# GIVEN INFORMATION
════════════════

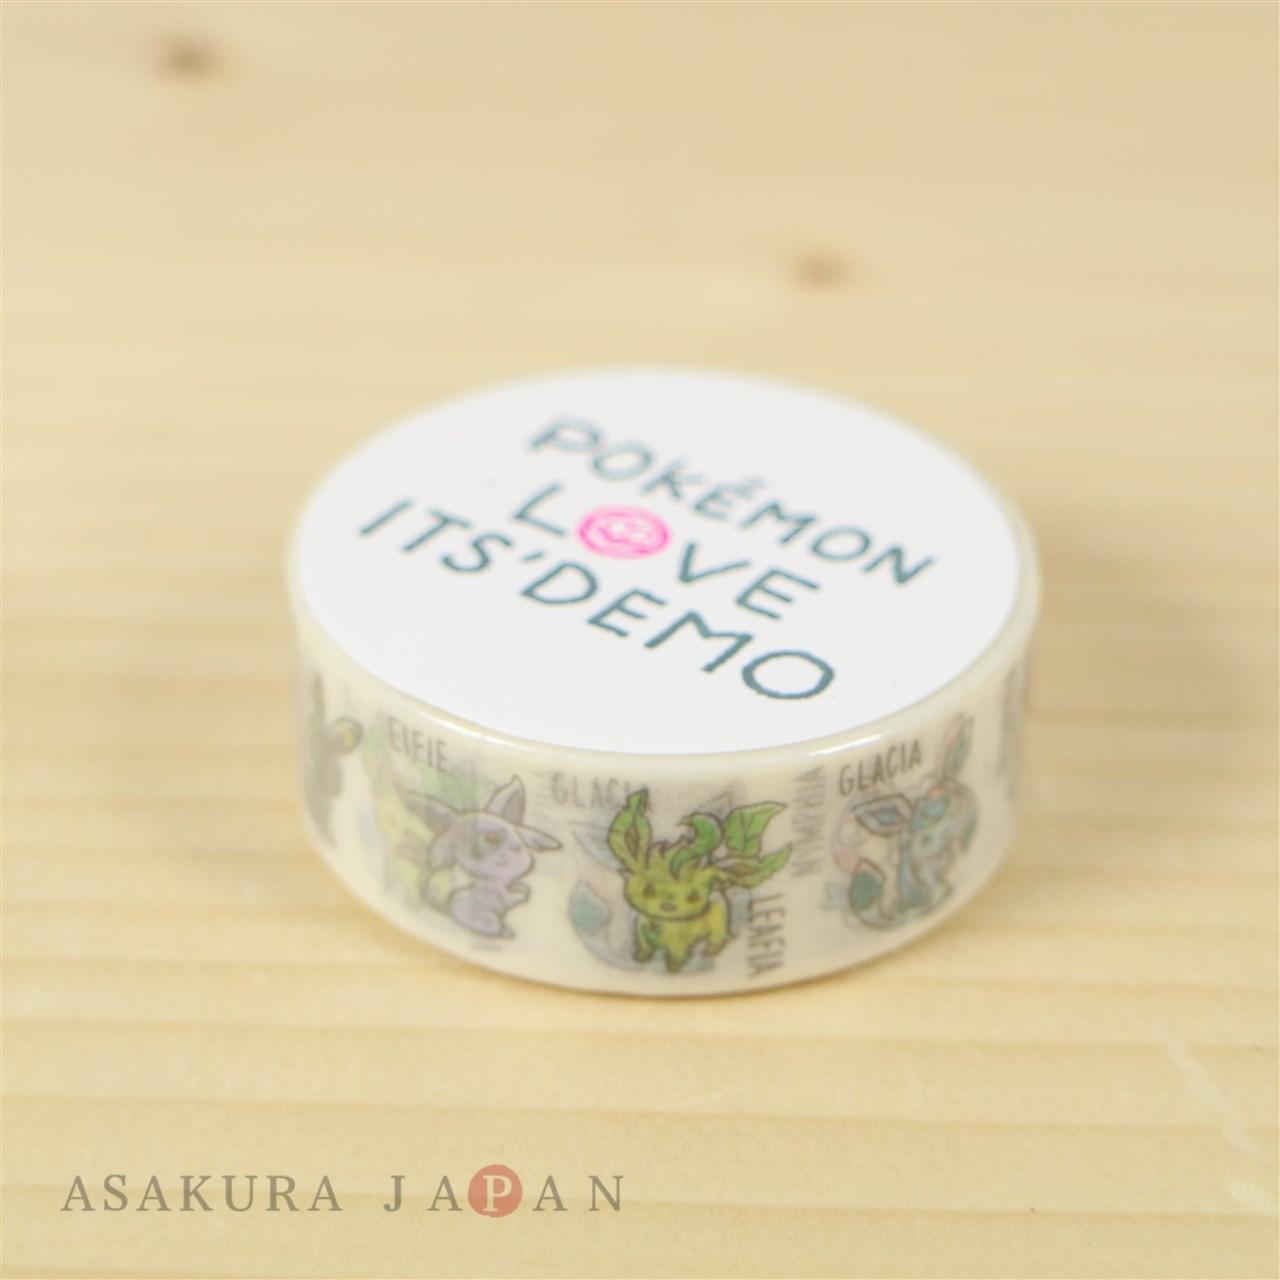 POKEMON LOVE ITS\' DEMO Decorative Sticky Paper Masking Tape #5 ...
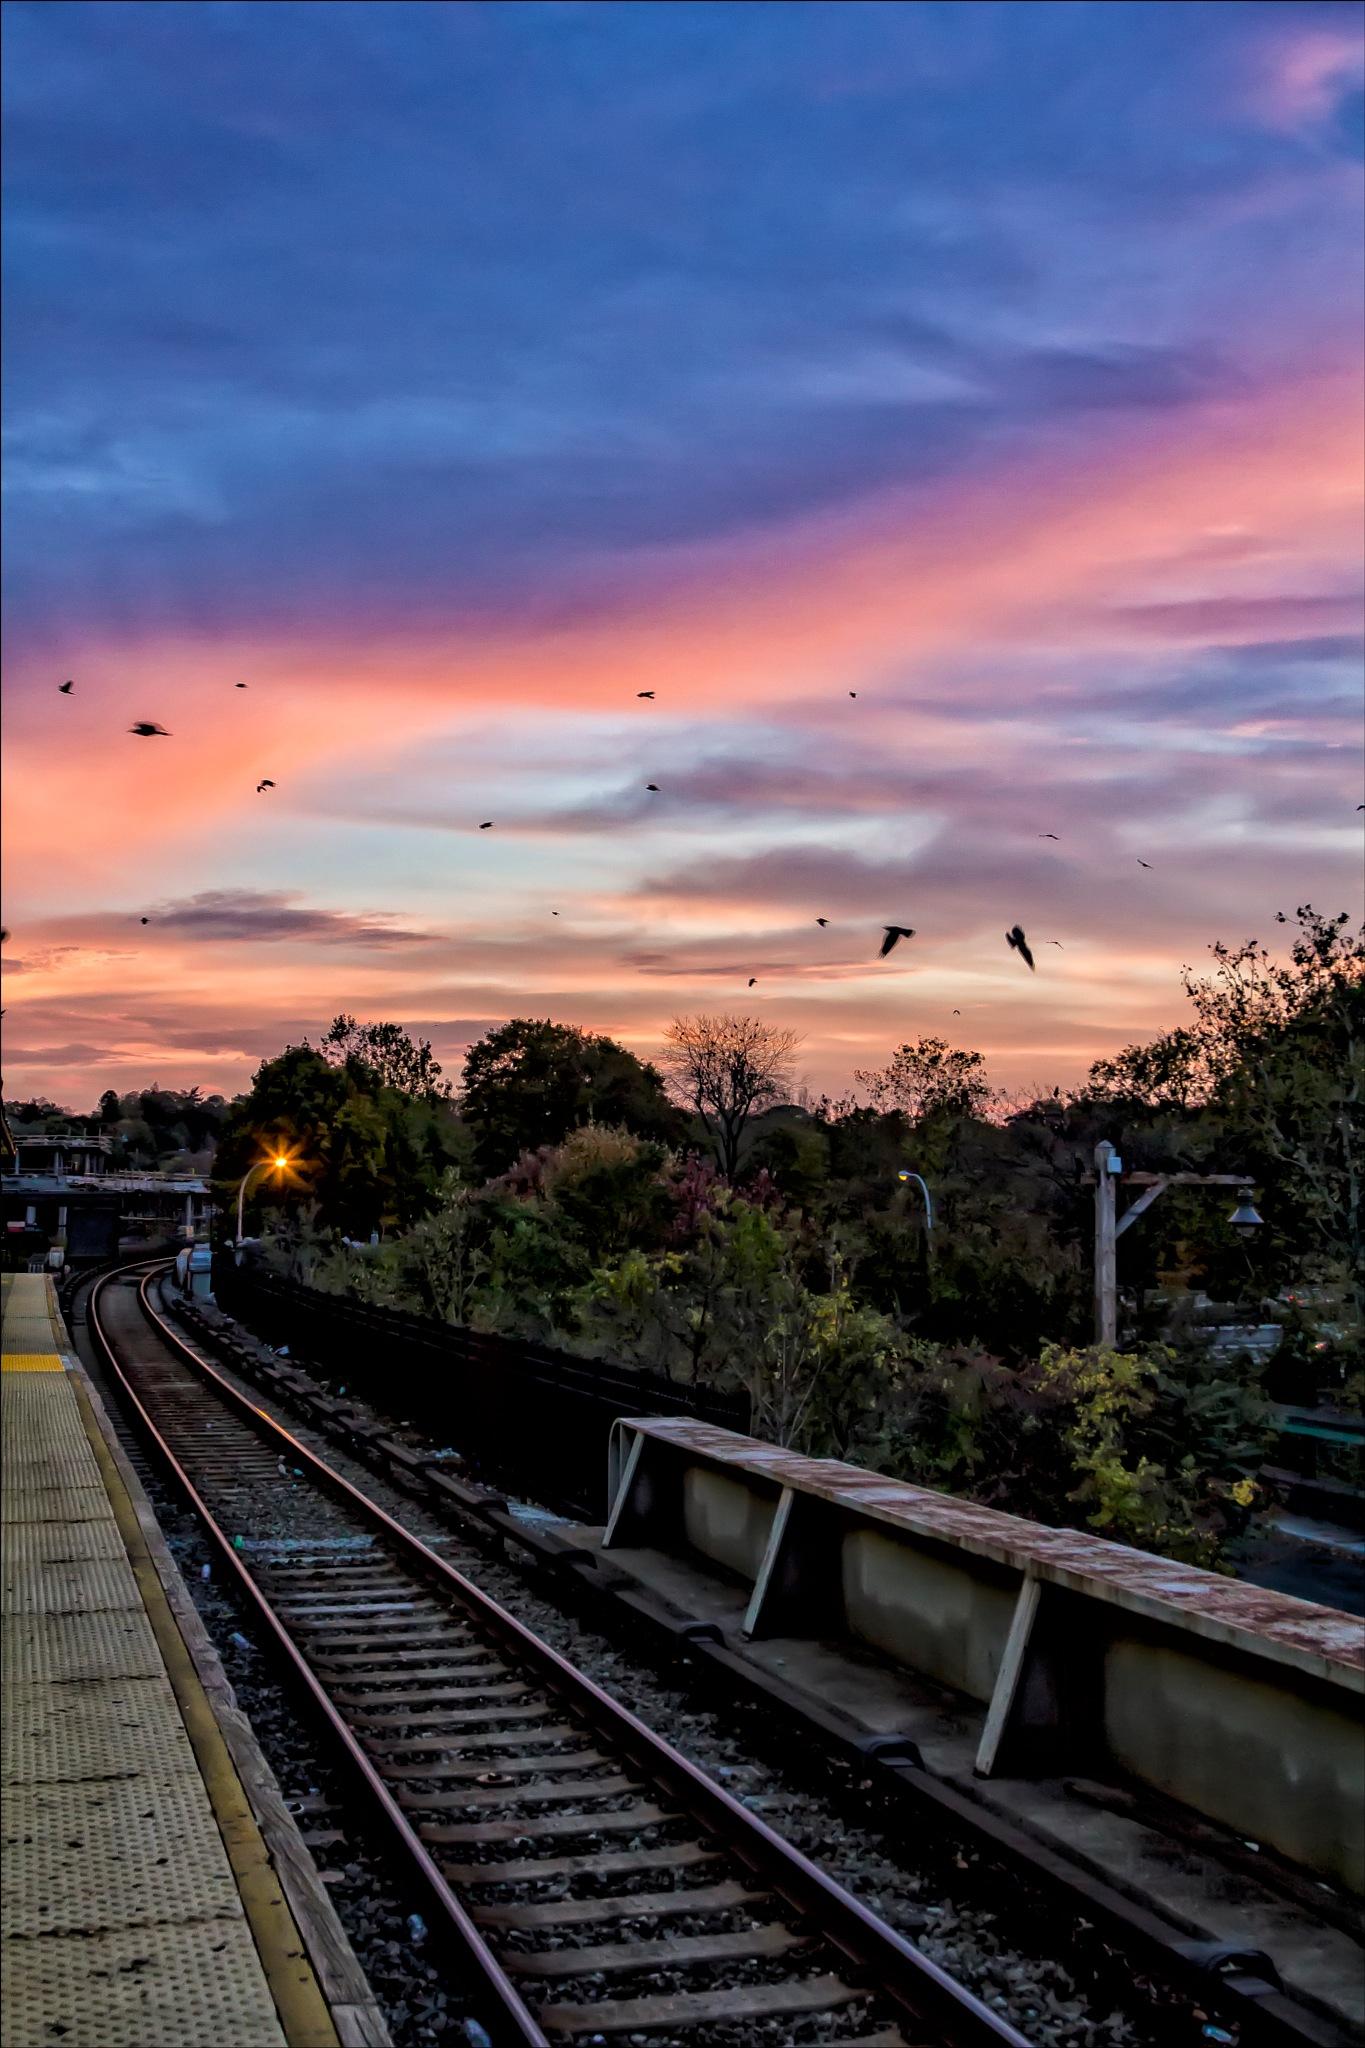 Train Tracks Sunset and Birds by robertullmann
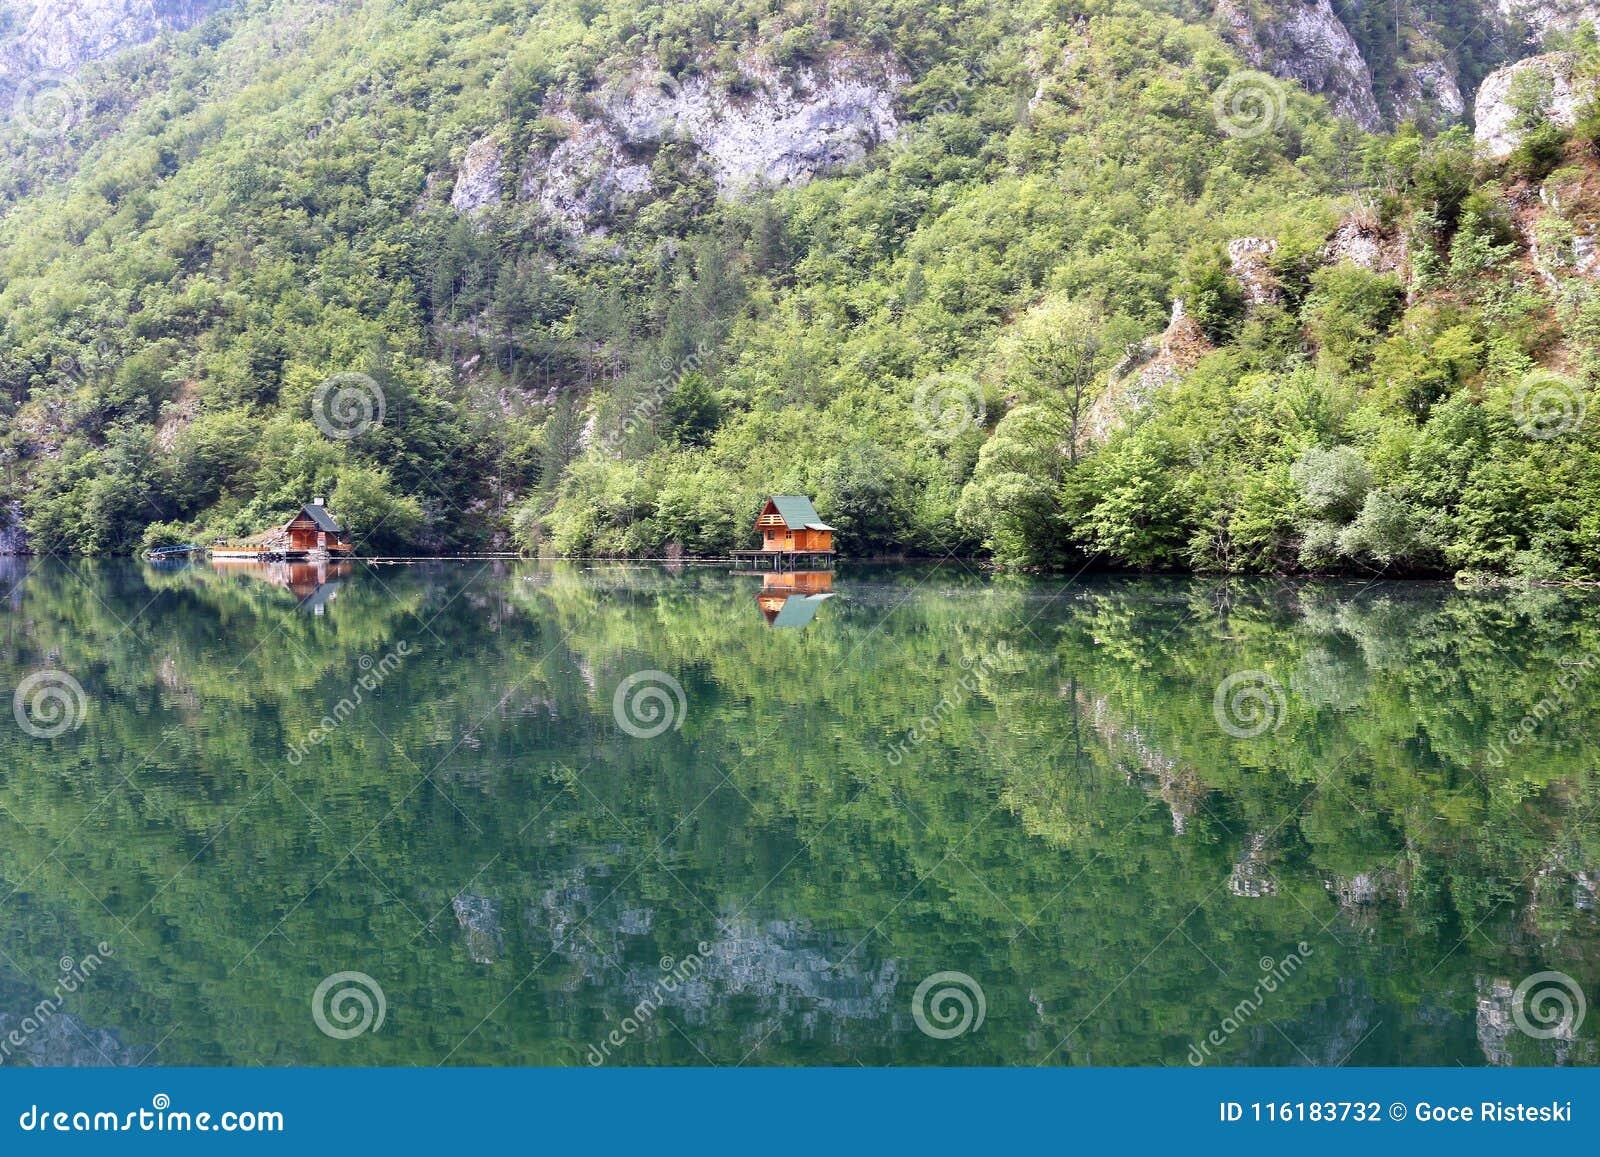 Wooden houses on river Drina landscape summer
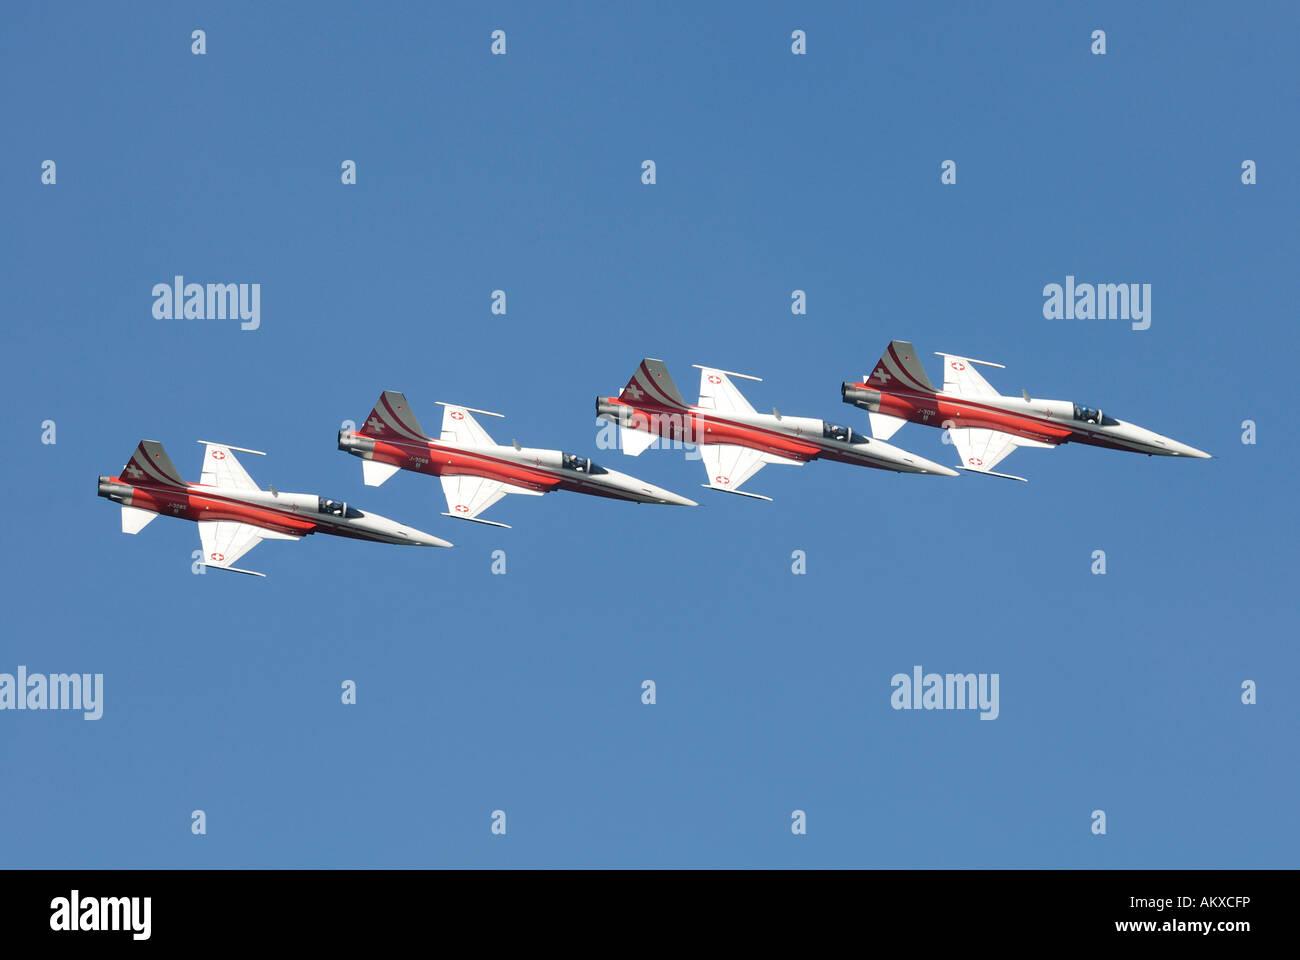 Formation flight with the aerobatic team Patrouille Suisse - Dittingen, Switzerland, Europe. - Stock Image

════════════════

# DESCRIPTION OF THE TASK
Please copy out the material above exactly, with the images removed.

# ANSWER SPACE
 POKEMON LOVE ITS\' DEMO Decorative Sticky Paper Masking Tape #5 ...
 Train Tracks Sunset and Birds by robertullmann
 Wooden houses on river Drina landscape summer
 Formation flight with the aerobatic team Patrouille Suisse - Dittingen, Switzerland, Europe. - Stock Image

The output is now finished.